An agonized scream heralded the arrival of Diego to the location of the original squirrel man. The leader squeezed off a couple of shots toward Diego and leapt for the next tree. He yelled as the owl tore a gash down his back before he was able to get into a protected shelter of branches where he could fend off the bird’s repeated attacks.

Rubin was up the tree and into the next, climbing higher, keeping the pressure on the leader, not wanting to give him a chance to turn the rifle on Diego or the owl again. The great horned owl helped by continuously flapping its wings and darting in and out of the branches trying to get at the man with beak or talons.

Without warning, thunder rolled overhead, a continuous, ominous booming so loud the ground shook. Rubin, not a man given to cursing, knew, once again, the enemy had backup.

Jonquille. Are you safe?

I can handle a little lightning. They’re trying to distract you both. They don’t want Diego to get any information from the one on the ground. I don’t know why, but we seem to be connected in some way. I killed the assassin the owl tore up. He was trying to get to Diego and the other one. He was mostly dead anyway. The persistence he showed told me the one Diego is questioning has important information.

Lightning crackled in the dark clouds directly over Diego’s position. Rubin knew Jonquille was very close to his brother and the downed would-be assassin. He glanced down and saw a very small figure leap up from the darker brush. She looked like a tiny fairy, a true lightning bug, dancing like a firefly might at sunset across the tops of the grasses as she raced away from Diego and the man he interrogated. Her hair glowed, a wild display of platinum blond strands standing up like a halo around her head as she threw back the hood of her jacket to attract the lead stroke from the clouds.

Rubin’s breath caught in his throat. Energy in the form of sparks circled her small waist, rib cage and outstretched arms and flashed around her legs as she ran, giving more and more the appearance of her dancing in the air. His heart sank as he felt the charging in the air increase.

Stop, Jonquille. You’re playing right into their hands. They came for you. This is all about you. They’ve pulled you away from us. Go back toward Diego. Reverse directions. I can direct the strike away from him.

He knew it was too late. Lightning forked across the sky, cloud to cloud, and then the lead stroke found its path straight to her. He sent out the intercept to direct the bolt away from Diego, but it didn’t matter. The target wasn’t his brother. The target all along had been Jonquille. The team was desperate to acquire her. Casualties didn’t matter, only getting Jonquille mattered.

The dart gun was silent, but he saw it hit her and she went down hard. Fast. One moment standing and the next dropping to the ground. Whatever they used was instantaneous. Rubin leapt from the branch he was on, although he doubted he would get there in time to stop the recovery team from taking Jonquille. He was too far away.
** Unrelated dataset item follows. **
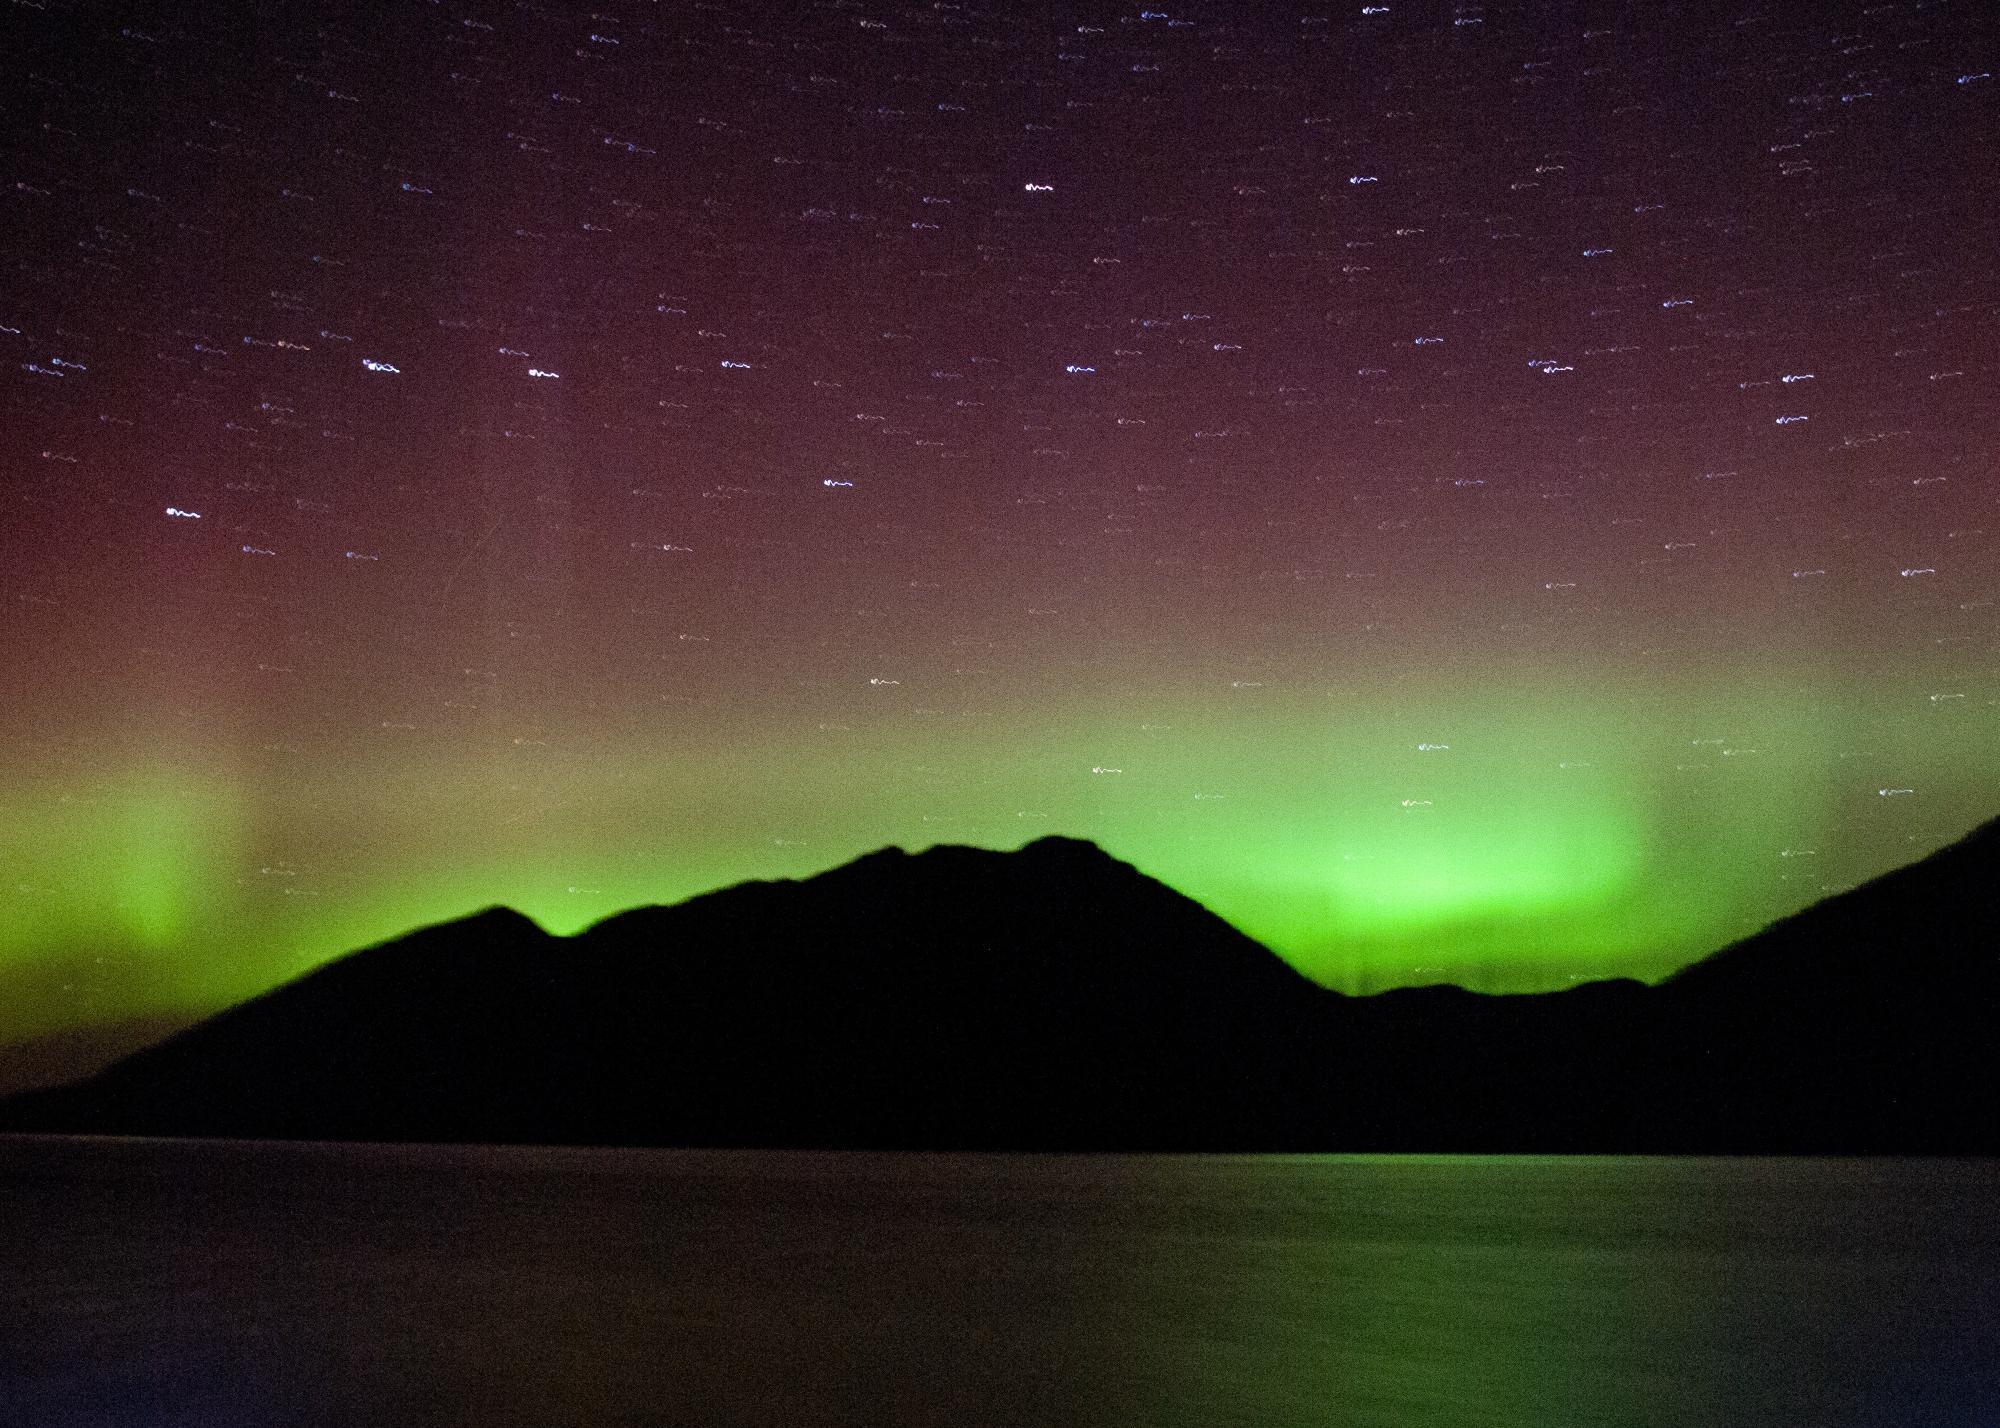 Aurora borealis/crew photo

Kill him, Diego, and get to her. Kill as many as you can. At least we can handicap them as they’re bringing her off the mountain, he ordered.

He ordered the owl to kill the prey in the tree at all costs. He knew the female raptor would never give up. It would be a battle of life or death between predator and prey. She would keep at him until she ripped every square inch of skin off him. Once on the ground, Rubin ran full out, using every enhanced bit of animal DNA he had to aid him.

He heard the bark of Diego’s rifle twice and saw two men go down, but it seemed as if there were at least ten to fifteen men swarming around Jonquille. He counted eight lying prone in a semicircle around her, guns pointed toward Diego’s location. These weren’t rifles. They weren’t semiautomatics. They looked as if they were new-age weapons built to take half the mountainside with them when fired.